Users should be cautious due to the lack of scientific evidence supporting its use. Potential risks include interactions with other medications and unknown long-term effects. Consult a healthcare professional before use.
Is hordenine safe to use?
The safety of hordenine is not well-established. Potential risks include interactions with other medications and unknown long-term effects. Exercise caution and consult a healthcare professional.
When is the best time to take hordenine?
There is no established optimal timing for hordenine administration due to a lack of scientific evidence.
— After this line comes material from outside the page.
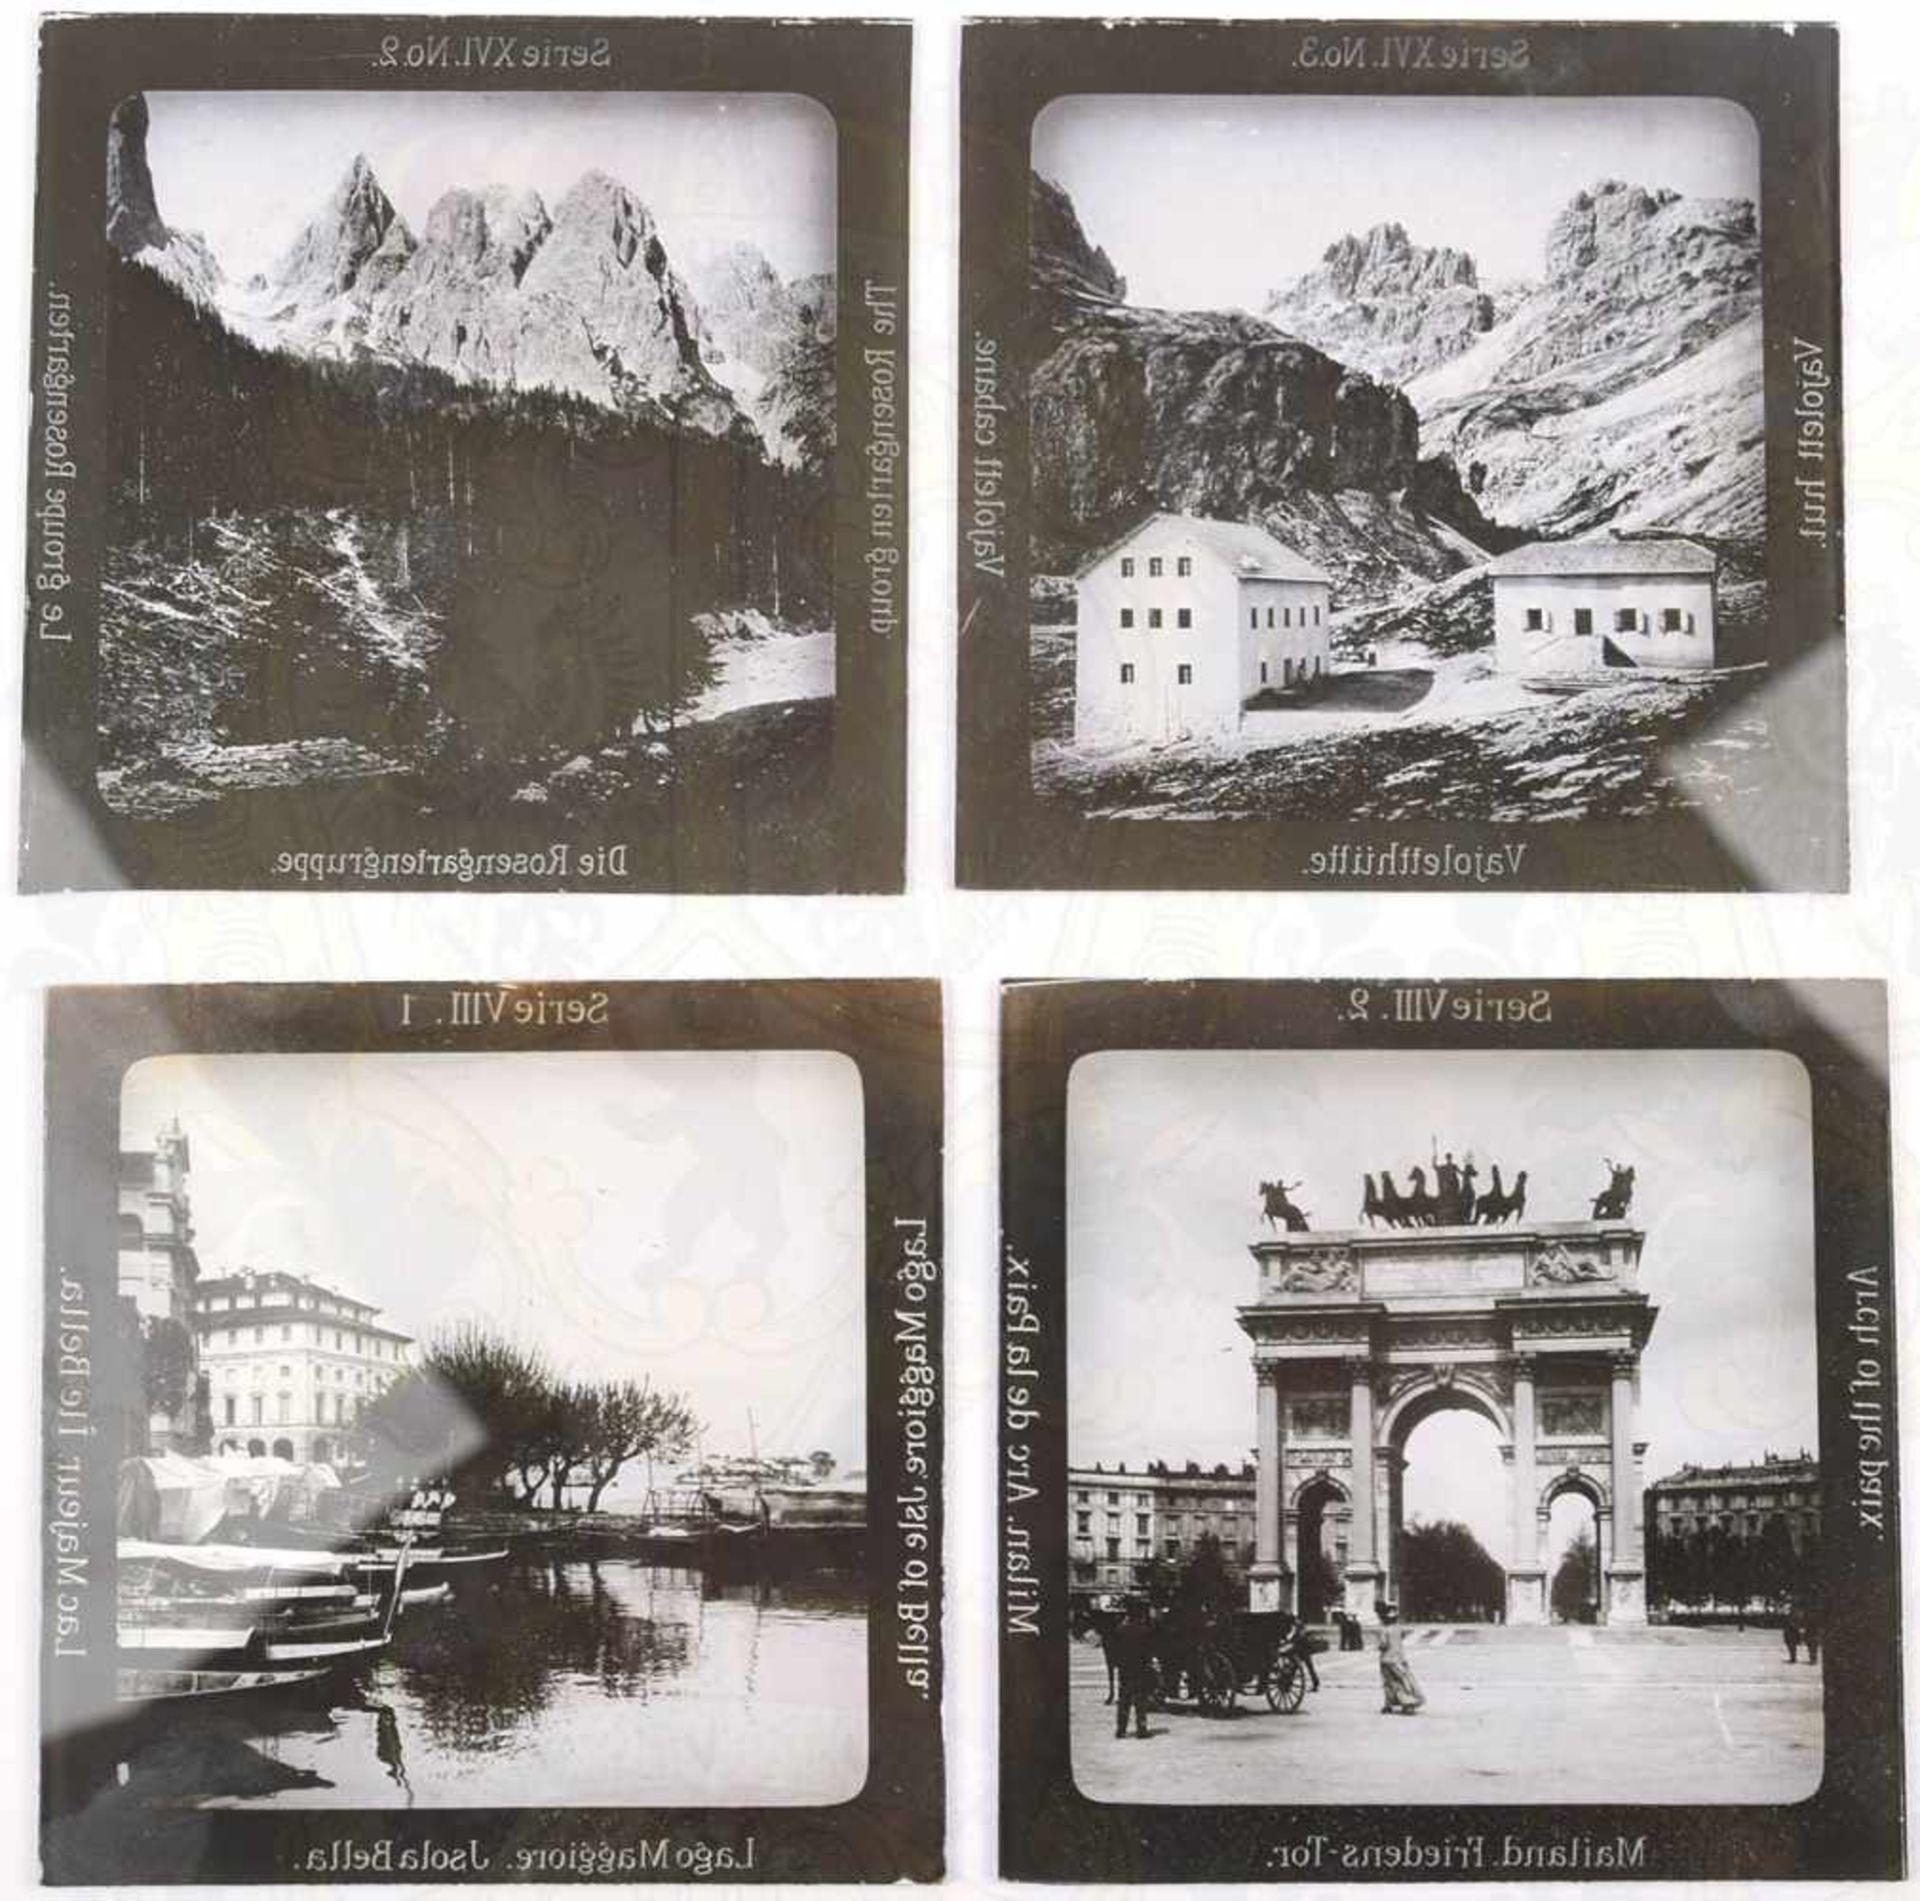 Los 60 - 45 GLASDIAS ITALIEN UND DOLOMITEN, Serie 8, St. Markuskirche v. Venedig, Rialto Brücke, Friedens Tor

Timing may vary based on individual tolerance and desired effects, but caution is advised.
What results can I expect from taking hordenine?
Claims of benefits are largely anecdotal and not supported by robust scientific evidence. Exercise caution and manage expectations accordingly. Consult a healthcare professional for personalized advice.
Is hordenine a well-researched supplement?
Hordenine is often mistakenly believed to have well-documented benefits without sufficient scientific backing. The research is limited, and users should approach it with caution.
Research Sources
- https://dl.acm.org/doi/fullHtml/10.1145/3544548.3581332 – This source appears to be from the Association for Computing Machinery (ACM) and may relate to computational or data-driven analysis rather than direct biological research on hordenine. Without specific context, it's difficult to ascertain its relevance to hordenine's effects or safety. Further investigation is needed to determine its contribution to understanding hordenine's properties.
- https://hxri.ise.illinois.edu/wp-content/uploads/2024/03/10438229-3.pdf – This PDF from the Human-Centered Robotics Initiative (HxRI) at the University of Illinois may contain research related to human performance or cognitive enhancement, potentially touching on the use of supplements like hordenine. However, without direct access to the content, it's challenging to determine the specific findings or relevance to hordenine's efficacy and safety profile. A review of the document is necessary to extract relevant information.
- https://dl.acm.org/doi/10.1145/3544548.3581332 – Similar to the first ACM link, this source likely pertains to computational or data-related research. Its relevance to hordenine's biological effects or safety is unclear without further context. It may provide insights into data analysis methodologies applicable to supplement research, but its direct contribution to understanding hordenine requires further investigation.
- https://www.tandfonline.com/doi/full/10.1080/10447318.2022.2138826 – This article published in the Journal of Dietary Supplements investigates the effects of Citrus aurantium extract (bitter orange) on energy expenditure and substrate oxidation during exercise. While hordenine is found in bitter orange, this study focuses on the overall effects of the extract rather than isolating hordenine's specific contributions. The findings suggest that bitter orange extract may influence metabolic processes during exercise, but further research is needed to determine hordenine's individual role.
- https://pubmed.ncbi.nlm.nih.gov/40228111/ – This older study investigates the metabolism of hordenine in steers. While relevant to understanding hordenine's metabolic fate, the study's focus on animals limits its direct applicability to human health and supplement use. The research provides insights into hordenine's breakdown and excretion pathways, but further studies are needed to determine its effects and safety in humans.